NOAA-EMC / NCEPLIBS-bufr

The NCEPLIBS-bufr library contains routines and utilites for working with the WMO BUFR format.
Other
42 stars 19 forks source link

more testing #535

Closed jbathegit closed 8 months ago

jbathegit commented 9 months ago

Part of #445

Note that the additional debufr test required a change to the source code for the utility, to ensure that allocated memory was freed following the execution of the newly-tested code. Otherwise, the address sanitizer would complain about memory leakage and segfault during the CI tests.

jbathegit commented 8 months ago

Now all of a sudden the MacOS runner is failing with a missing python module:

Capture

Just in case this was some temporary glitch, I tried rerunning it several times and on different days, but to no avail.

@AlexanderRichert-NOAA @aerorahul @climbfuji @edwardhartnett any suggestions?

jbathegit commented 8 months ago

BTW, I realize I could just change the -DENABLE_PYTHON=ON flag to -DENABLE_PYTHON=OFF in the cmake step of the build-bufr job in the MacOS.yml file, but I'm assuming somebody at some point had a good reason for enabling python testing on this platform(?)

Currently, we have python testing enabled in the develop, Linux, and MacOS runners, but it's currently disabled in the Intel runner.

jbathegit commented 8 months ago

And now all of a sudden the MacOs build is working again!?

jbathegit commented 8 months ago

In this latest commit I added more bort testing for nemtbb() and nemtbd(). But I'm struggling to write test cases for several of the bort options in those routines using dummied-up DX tables containing obvious errors. For example:

In summary, it seems to me we could just get rid of a number of these bort tests in the nemtbb() and nemtbd() routines, because unless I'm missing something they don't really seem to be serving any practical purpose. @jack-woollen please chime in if you have any thoughts on this - thanks!

jbathegit commented 8 months ago

Thanks @jack-woollen, but before I merge this PR (and which in turn will close it :-) do you have any thoughts on my above suggestions to eliminate some of those bort tests in nemtbb() and nemtbd(). Do you agree with my thought process, or can you think of something I'm missing in my analysis?

jack-woollen commented 8 months ago

Jeff, a few thoughts. First, it's not impossible for those bort conditions to happen, its just impossible to test them. Because the only way the impossible conditions are possible is all the rules go out the window such as memory clobbering due to bad inputs or bad coding, or some other bad things. I think these types of tests are worthwhile and do not at all subscribe to the idea that they are useless. The only reason I think is important enough to consider maybe getting rid of some of them would be if they cost significant amounts of time. I was in the process of starting to check that out when dogwood switched to production. I'll pick it up again later today. It may be useful to classify the bort statements into those that check on function and those that check on dysfunction, to see the ratio, and calculate the actual costs of each type.

edwardhartnett commented 8 months ago

If code cannot actually be reached, then it should be removed. Nor can we try to capture errors caused my random memory overwrites or other totally unpredictable conditions.

What often happens in a testing campaign is that you realize some code can never be reached. So remove that code!

Nothing should stay in the code just because "it does no harm." Every line of code costs money and time to write and more importantly maintain. So if the line of code is not doing anything useful, remove it, and cut code size and maintenance costs.

Consider this: right now @jbathegit has figured out that these lines can't be reached, and raised questions about them, and that's caused us all to take some time to look at the problem. That's not free. This code is already costing NOAA extra time and money. So let's resolve the problem - if the lines are not needed, remove them.

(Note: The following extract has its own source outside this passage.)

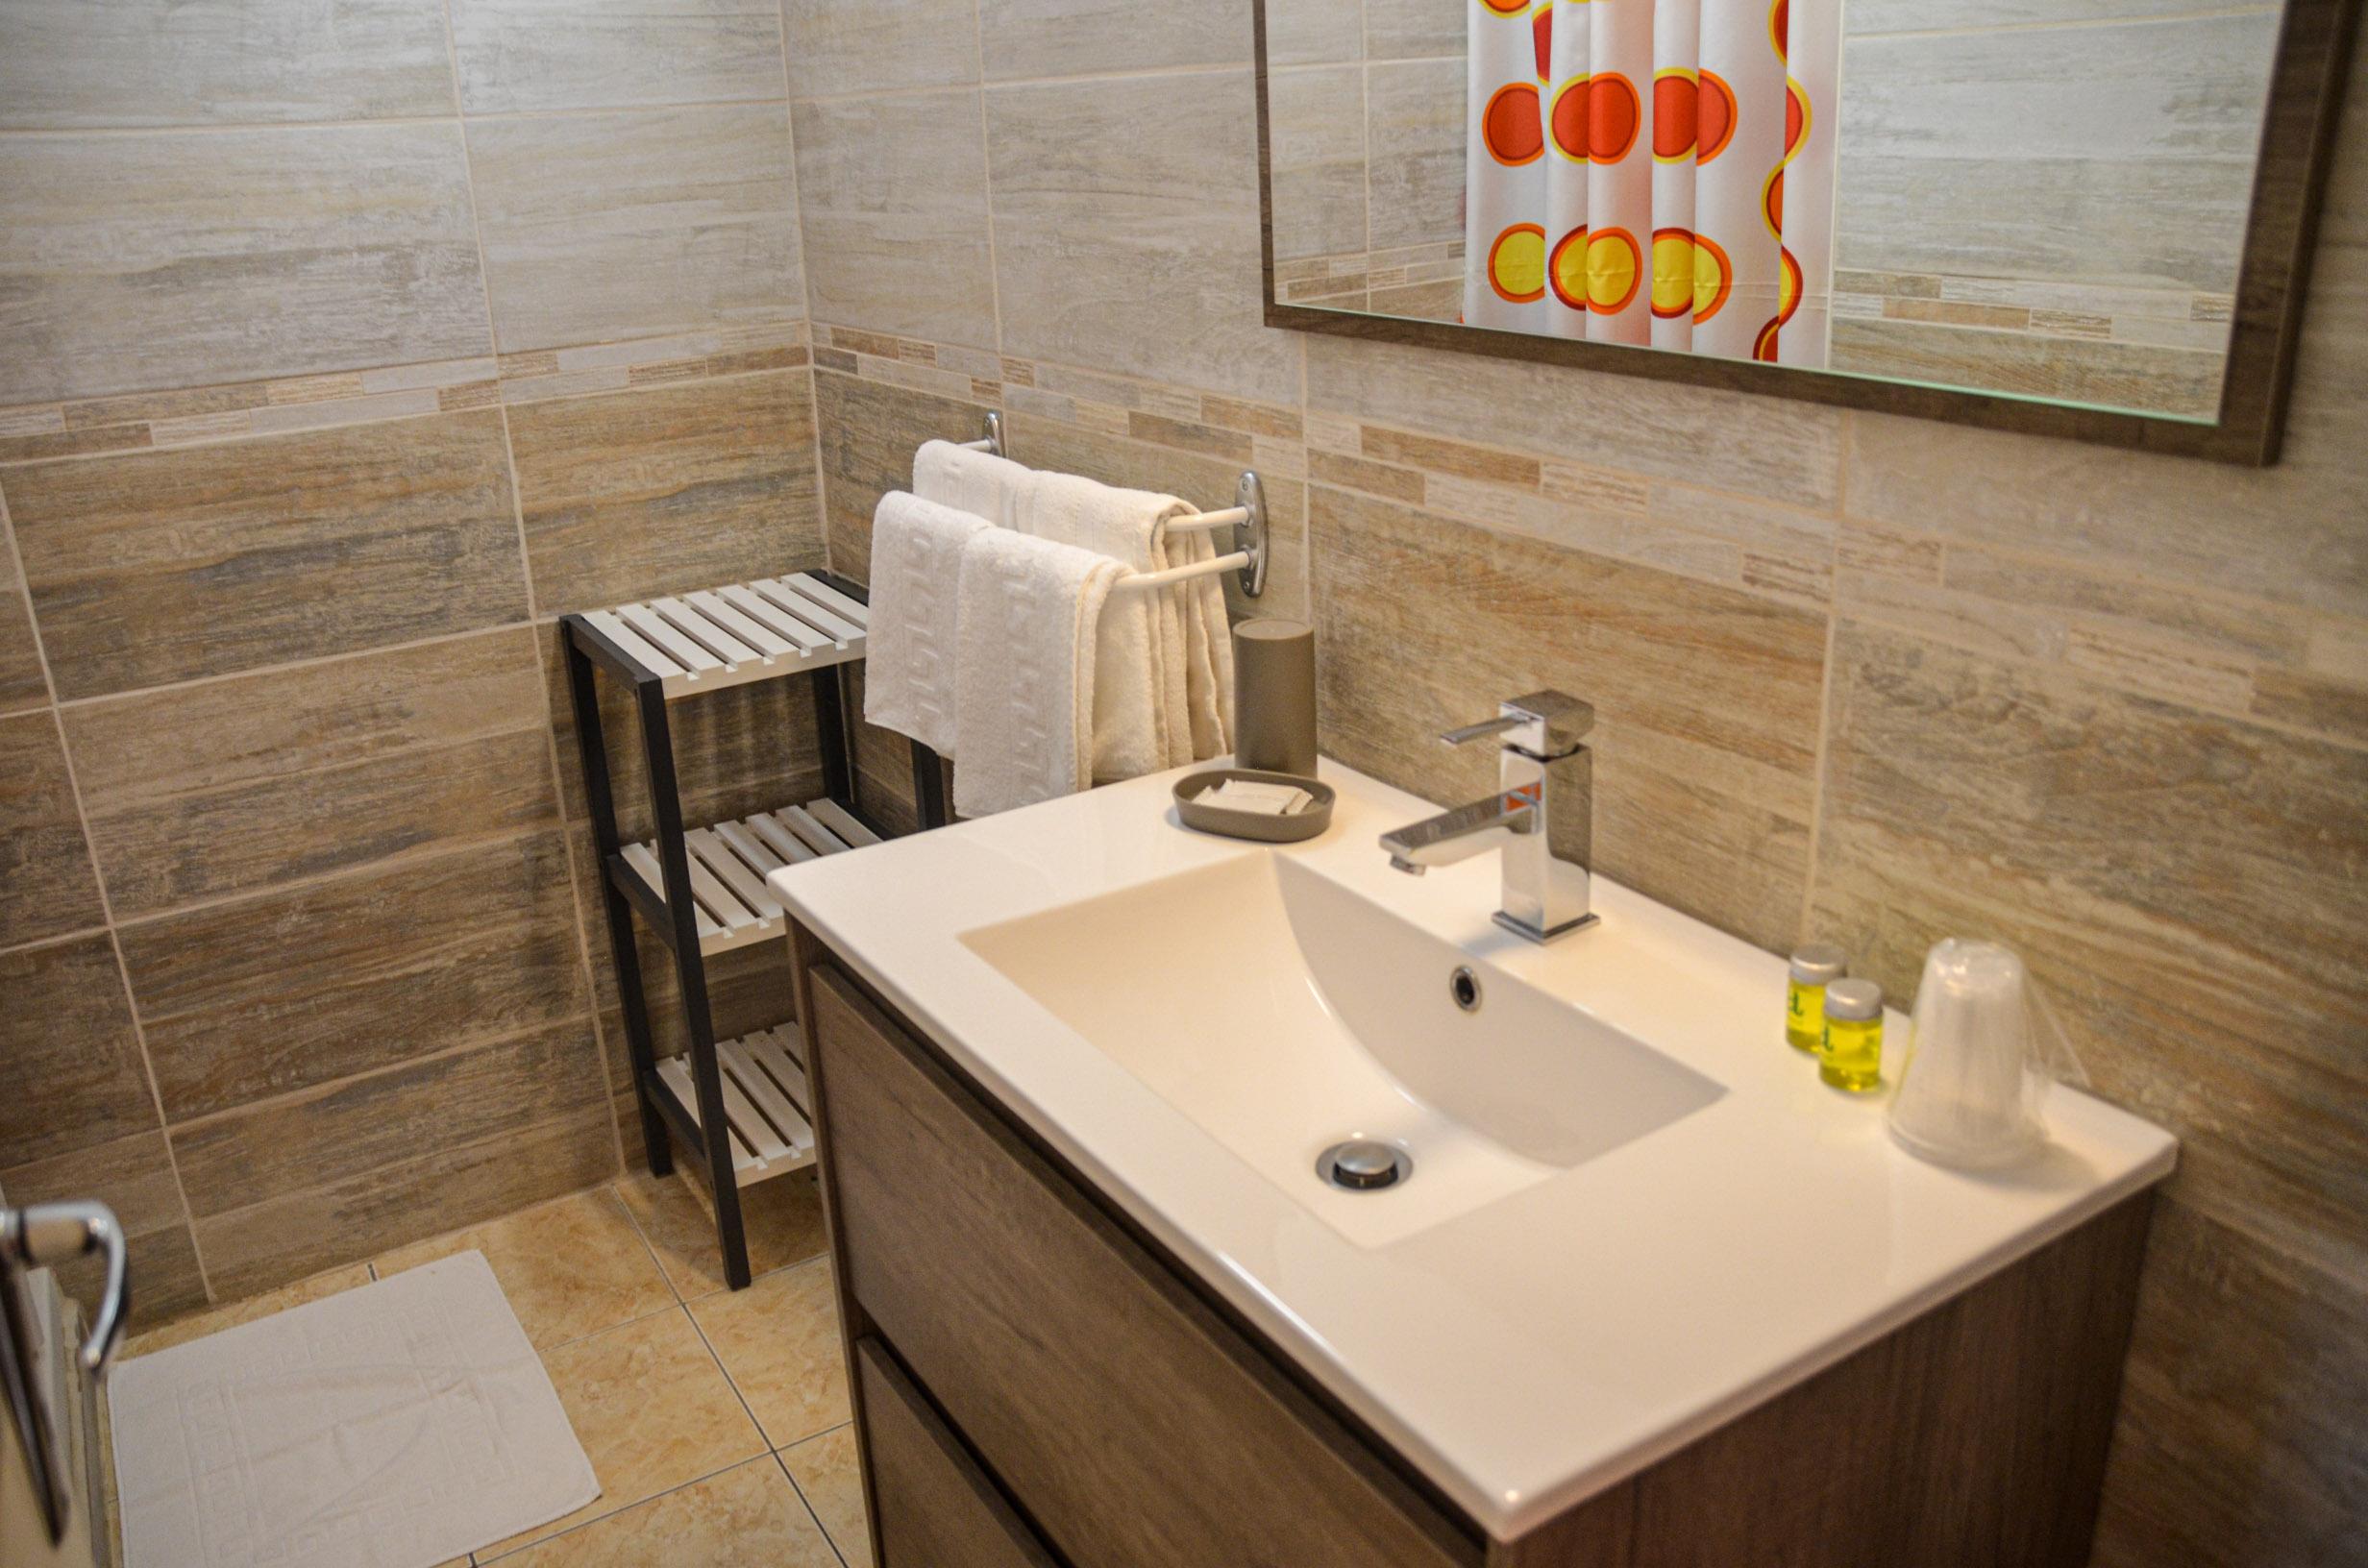 Le pech de malet salle de bain vitrac perigord Hôtel

Then, in 5 years, when this issue is long forgotten, NOAA won't incur the same costs by some programmer wondering if those lines of code could ever be reached and raising the whole issue all over again. Which will once again cause expense for NOAA for lines of code that we don't need.

jbathegit commented 8 months ago

After giving this some more thought, I'm leaning more towards Ed's way of thinking about this. I hear what you're saying Jack, but I agree with Ed that we shouldn't retain code that we can't test, and that all bets are off anyway if something unpredictable happens.

So, in the near future, I'll push up another commit with those unreachable bort tests removed.

jbathegit commented 8 months ago

I've made the aforementioned nemtbb and nemtbd changes to remove those untestable bort cases, and I've also merged in the changes from #539. But now I'm once again seeing CI errors for MacOS (with a different Python build error) and Intel (with cmake now apparently trying to build the oneAPI environment).

@AlexanderRichert-NOAA not sure if this is related in any way to what you're working on in #536, but obviously none of that has been merged into this branch yet, so I'm a bit stumped.